By the tower property, $E[X_{2}] = E[ E[X_{2} | X_{1} = x_{1}] ]$, so I would first start by solving for $E[X_{2} | X_{1} = x_{1}]$: $E[X_{2}|X_{1} = x_{1}] = \sum_{x_{2}=0}^{x_{1}}x_{2}\cdot{}P(X_{2}=x_{2}|X_{1}=x_{1}) = \sum_{x_{2}=0}^{x_{1}}x_{2}\cdot{}\frac{P(X_{2}=x_{2} \cap X_{1}=x_{1})}{P(X_{1}=x_{1})} $
$ = \sum_{x_{2}=0}^{x_{1}}x_{2}\cdot{}\frac{\biggl[\begin{pmatrix} x_{1} \\ x_{2}\end{pmatrix} \biggl(\frac{1}{2}\biggr)^{x_{1}}\biggl( \frac{x_{1}}{15}\biggr)\biggr]}{\displaystyle\sum_{x_{2}=0}^{x_{1}}\biggl[\begin{pmatrix} x_{1} \\ x_{2}\end{pmatrix} \biggl(\frac{1}{2}\biggr)^{x_{1}}\biggl( \frac{x_{1}}{15}\biggr)\biggr]}.$
Next, write down the marginal probability mass function of $X_{1}$, which is given by summing out the $x_{2}$ variable, which is the numerator above.
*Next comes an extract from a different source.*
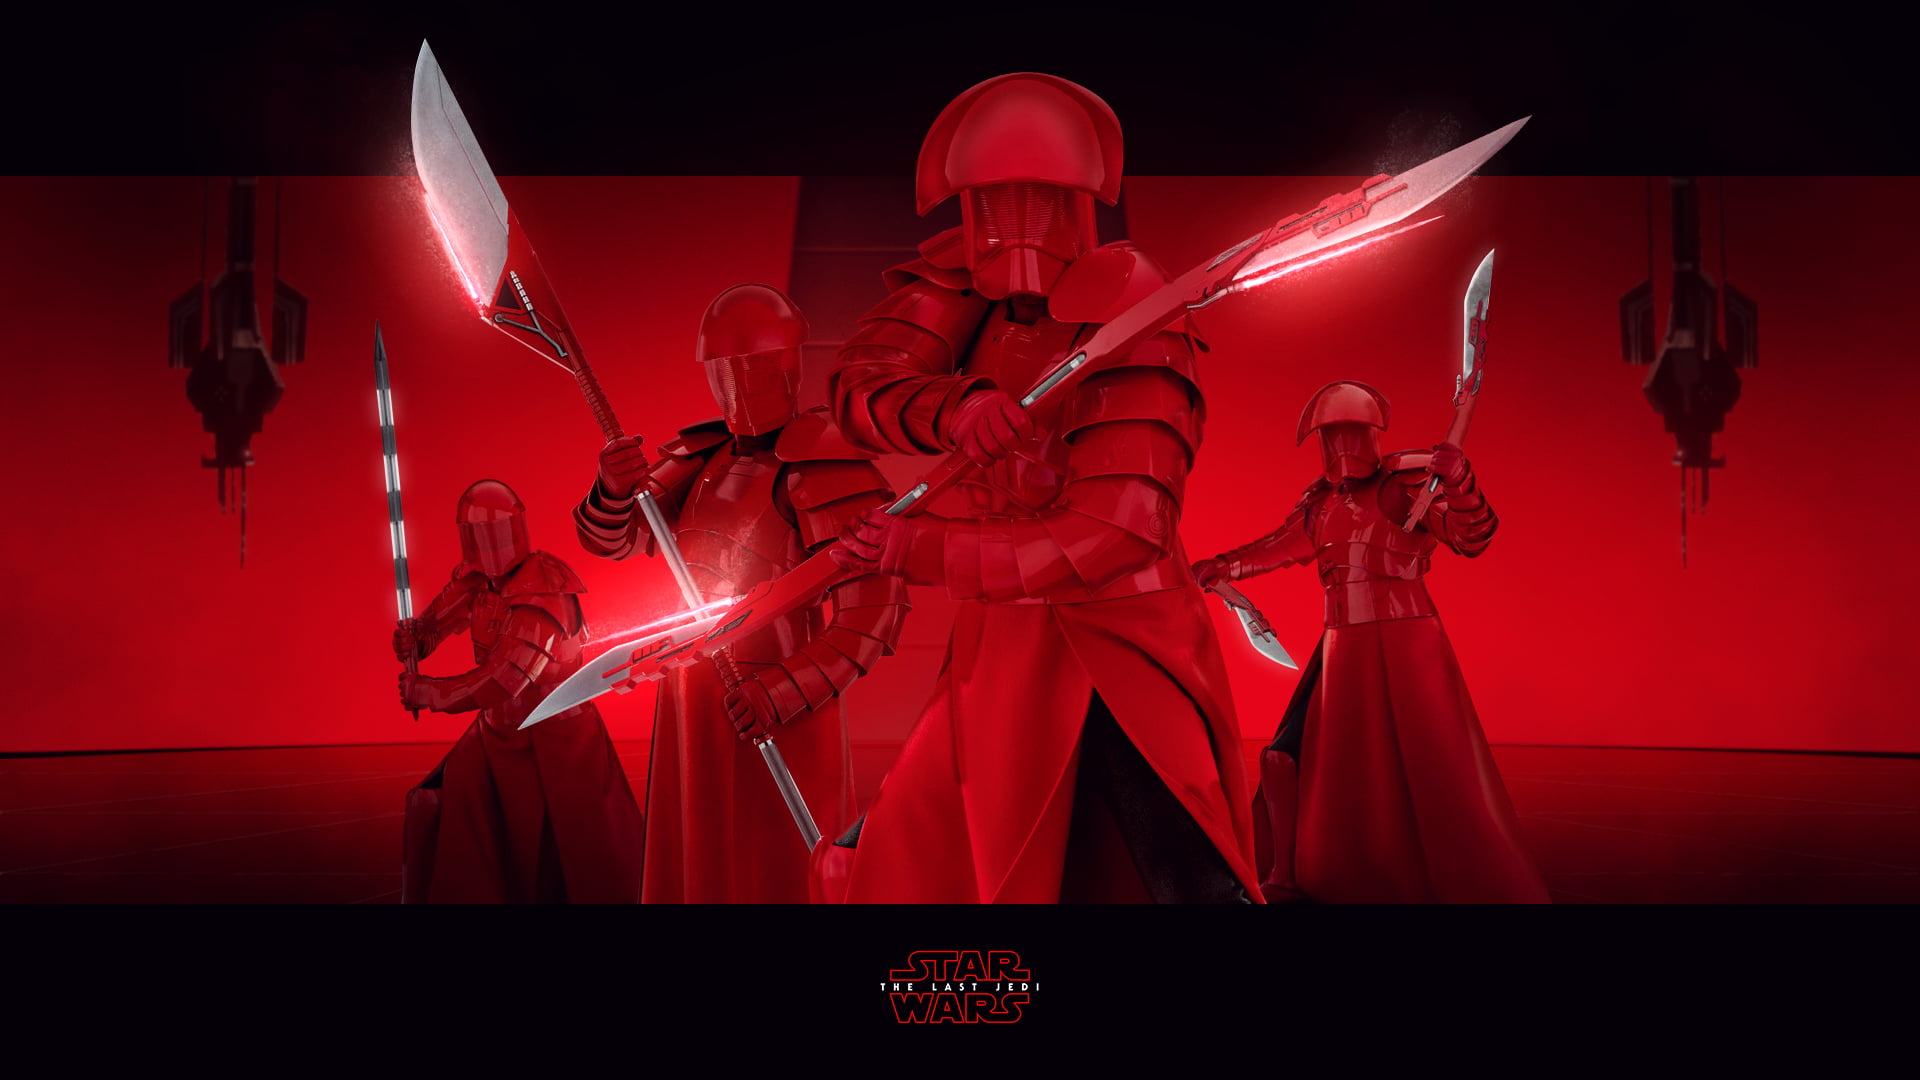 Star Wars digital wallpaper, Star Wars, Star Wars: The Last Jedi, red, The First Order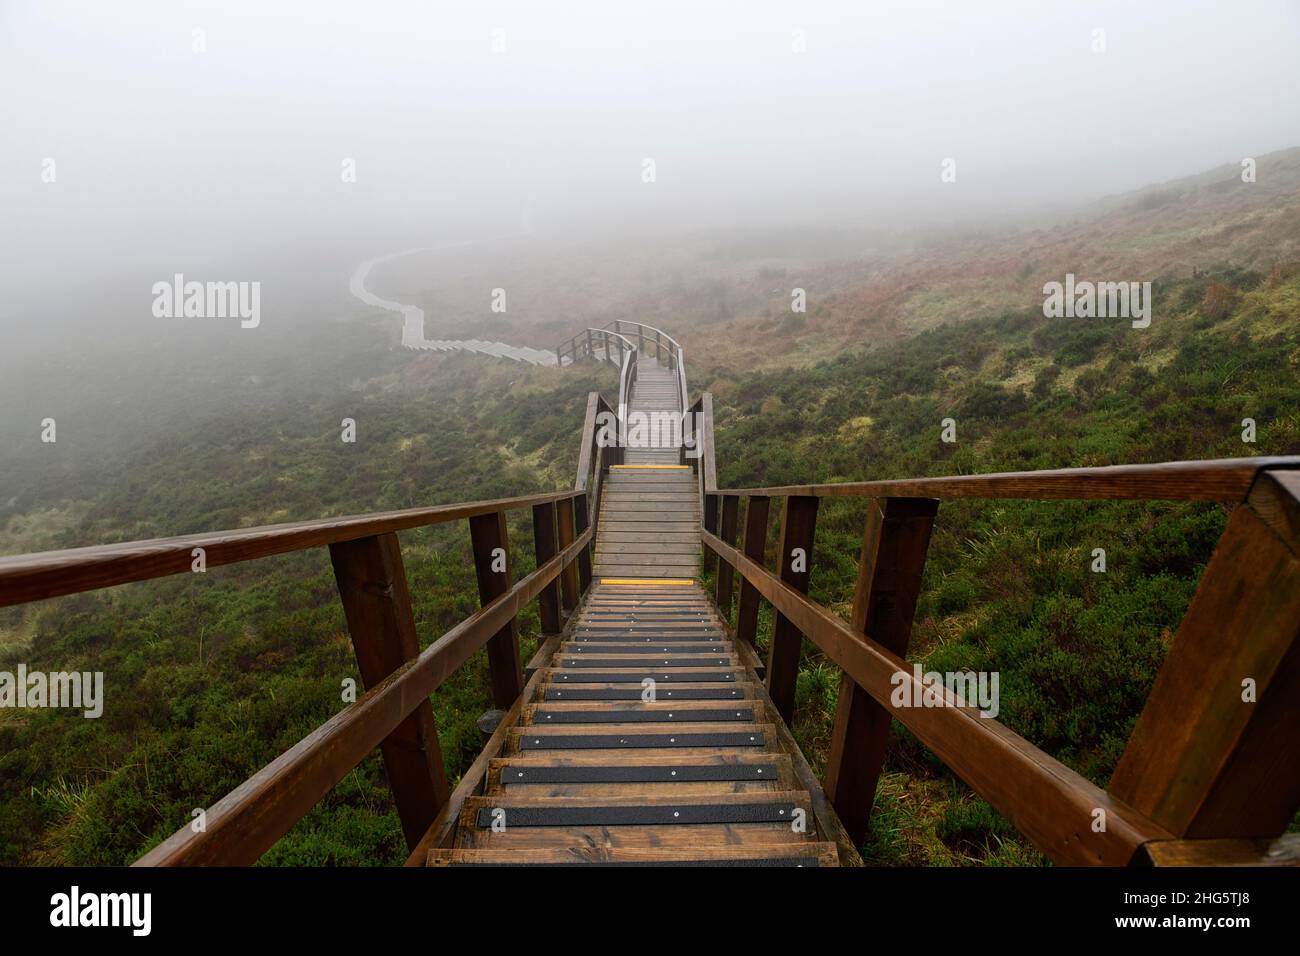 Escalera al cielo, Cuilcagh Boardwalk Trail, Cuilcagh Legnabrocosa Trail, niebla, niebla, clima niebla, poca visibilidad, mal tiempo, mal tiempo para caminatas, hiki Foto de stock

$ P(X_{1} = x_{1}) = \sum_{x_{2}=0}^{x_{1}}\biggl[\begin{pmatrix} x_{1} \\ x_{2}\end{pmatrix} \biggl(\frac{1}{2}\biggr)^{x_{1}}\biggl( \frac{x_{1}}{15}\biggr)\biggr].$
Now you can compute $E[X_{2}]$ as the expectation of $E[X_{2}|X_{1}=x_{1}]$ using the PMF of $X_{1}$: $ E[X_{2}] = \sum_{x_{1}=1}^{5}\Biggl[\sum_{x_{2}=0}^{x_{1}}x_{2}\cdot{}\frac{\biggl[\begin{pmatrix} x_{1} \\ x_{2}\end{pmatrix} \biggl(\frac{1}{2}\biggr)^{x_{1}}\biggl( \frac{x_{1}}{15}\biggr)\biggr]}{\displaystyle\sum_{x_{2}=0}^{x_{1}}\biggl[\begin{pmatrix} x_{1} \\ x_{2}\end{pmatrix} \biggl(\frac{1}{2}\biggr)^{x_{1}}\biggl( \frac{x_{1}}{15}\biggr)\biggr]}\cdot{}\sum_{x_{2}=0}^{x_{1}}\biggl[\begin{pmatrix} x_{1} \\ x_{2}\end{pmatrix} \biggl(\frac{1}{2}\biggr)^{x_{1}}\biggl( \frac{x_{1}}{15}\biggr)\biggr]\Biggr] $
$ = \sum_{x_{1}=1}^{5}\sum_{x_{2}=0}^{x_{1}}x_{2}\cdot{}\biggl[\begin{pmatrix} x_{1} \\ x_{2}\end{pmatrix} \biggl(\frac{1}{2}\biggr)^{x_{1}}\biggl( \frac{x_{1}}{15}\biggr)\biggr]$
which is just the basic double sum formula for $E[X_{2}]$ as expected.
As for what these sums work out to, I would probably just use SymPy, Maple, or Mathematica if you want closed forms, or NumPy or Matlab if you want the numerical results.